-- SOURCE RECORDS follows --

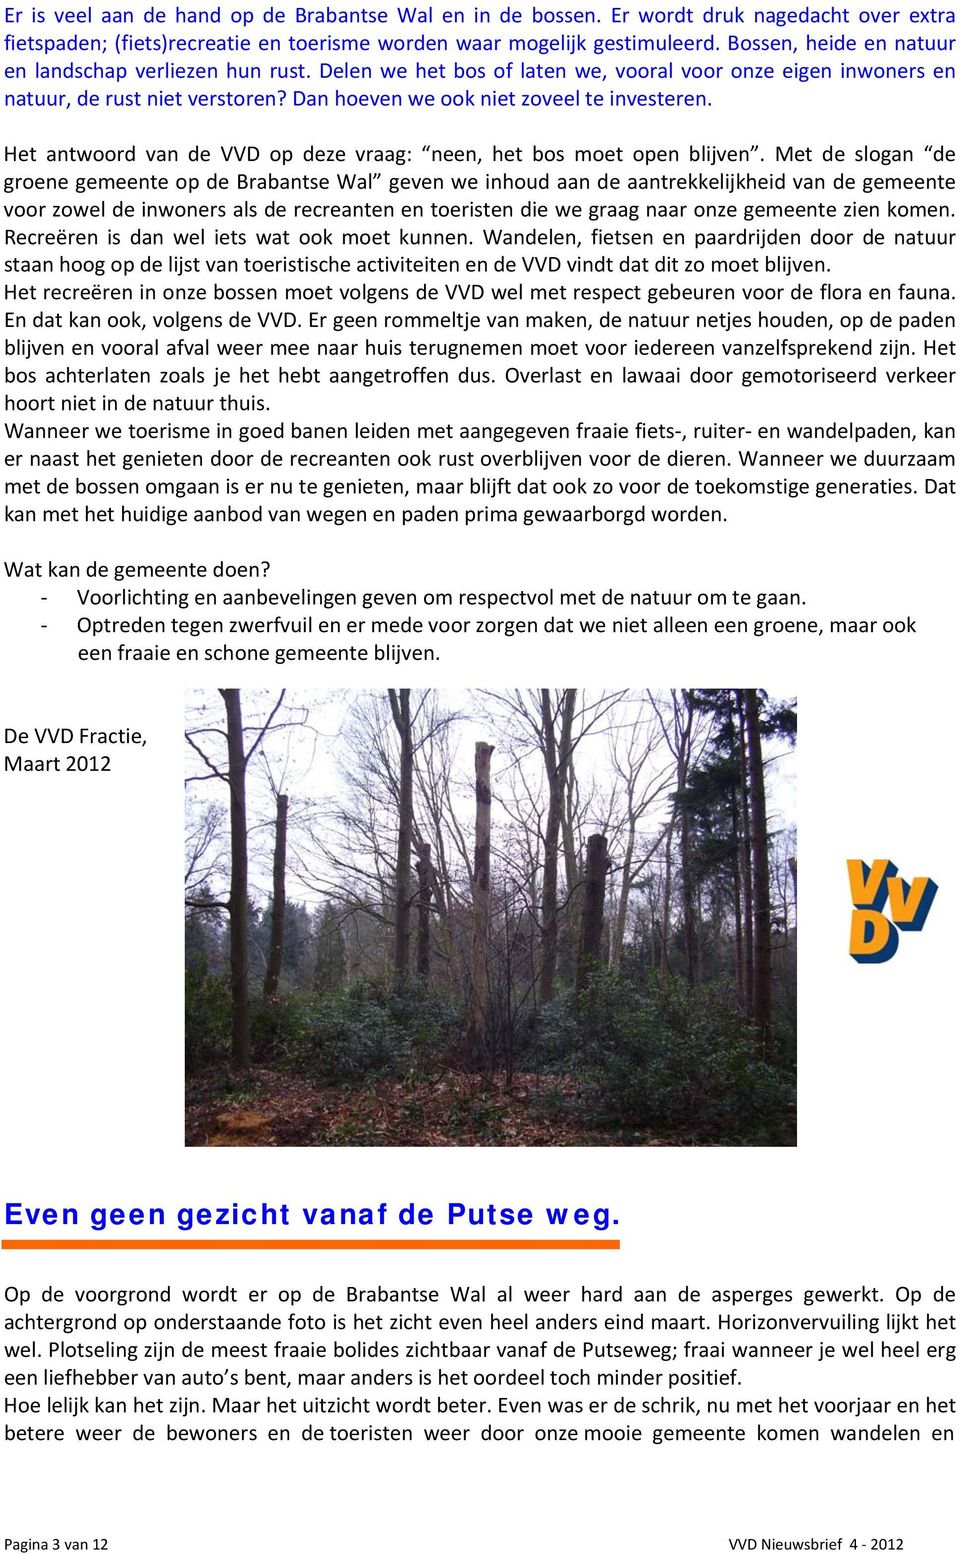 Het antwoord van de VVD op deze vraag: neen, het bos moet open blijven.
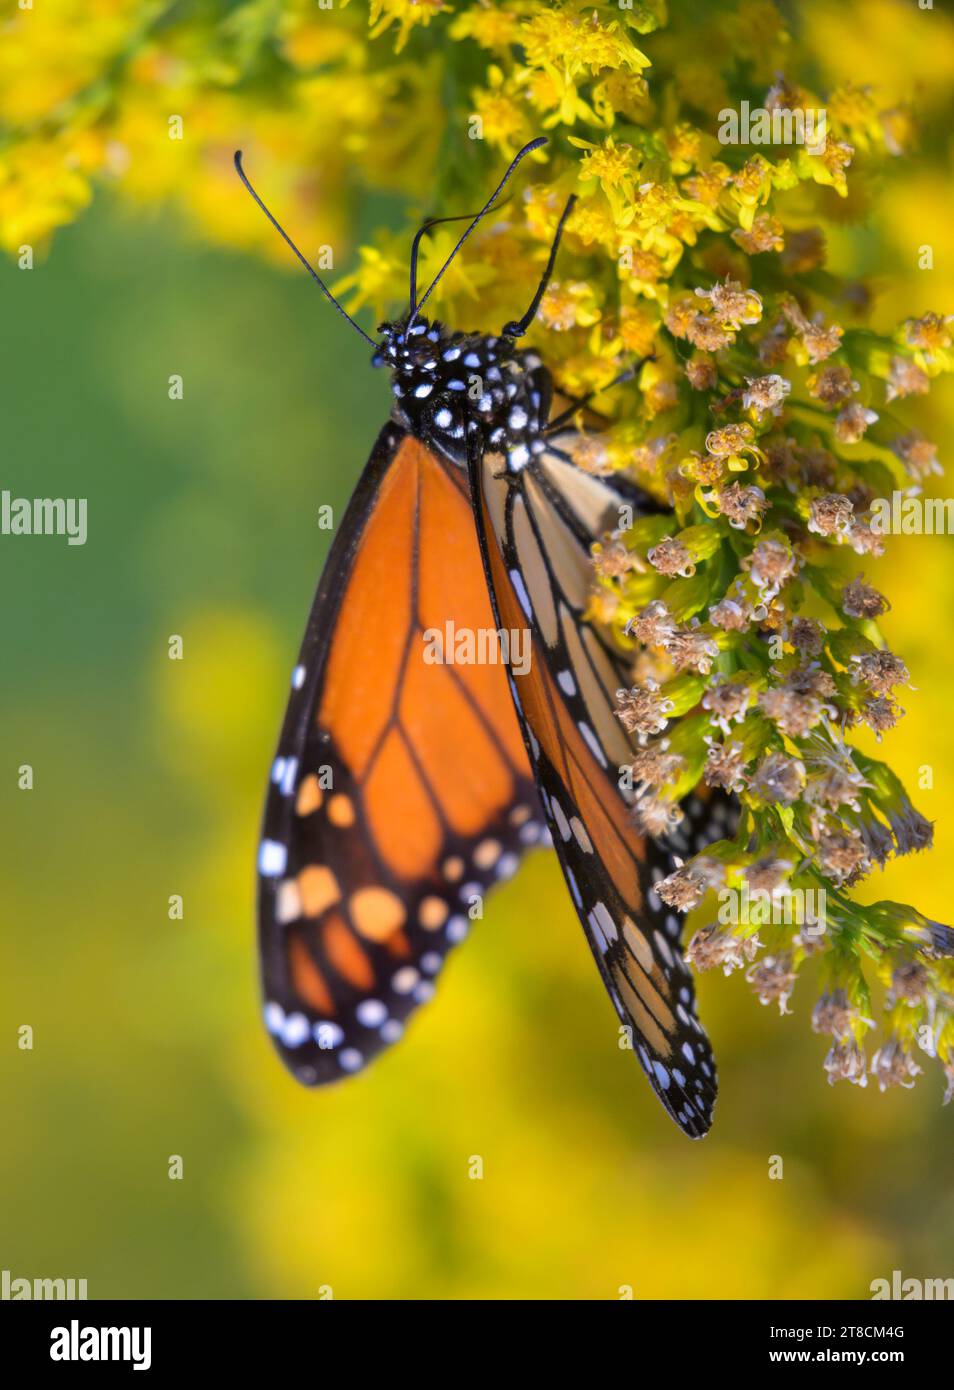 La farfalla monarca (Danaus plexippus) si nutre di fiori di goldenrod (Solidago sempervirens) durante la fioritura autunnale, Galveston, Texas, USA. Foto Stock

-- SOURCE RECORDS concluded --
-- SOURCE RECORDS follows --

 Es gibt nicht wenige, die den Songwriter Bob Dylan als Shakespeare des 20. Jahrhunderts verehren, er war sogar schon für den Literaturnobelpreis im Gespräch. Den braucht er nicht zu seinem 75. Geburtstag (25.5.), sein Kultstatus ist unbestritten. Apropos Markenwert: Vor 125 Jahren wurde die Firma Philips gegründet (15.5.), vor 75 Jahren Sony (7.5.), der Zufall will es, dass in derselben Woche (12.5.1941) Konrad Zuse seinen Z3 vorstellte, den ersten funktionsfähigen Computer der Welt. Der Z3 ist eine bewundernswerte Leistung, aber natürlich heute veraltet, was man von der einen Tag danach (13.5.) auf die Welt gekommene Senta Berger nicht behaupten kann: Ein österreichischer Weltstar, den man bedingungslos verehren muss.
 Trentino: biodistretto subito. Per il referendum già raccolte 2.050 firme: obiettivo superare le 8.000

-- SOURCE RECORDS concluded --

Within the data above, repeat exactly the lines from the one bearing "Het antwoord van" through the one bearing "La farfalla monarca". Include no pictures and nothing else.

▶ _RESPONSE_
 Het antwoord van de VVD op deze vraag: neen, het bos moet open blijven.
 La farfalla monarca (Danaus plexippus) si nutre di fiori di goldenrod (Solidago sempervirens) durante la fioritura autunnale, Galveston, Texas, USA. Foto Stock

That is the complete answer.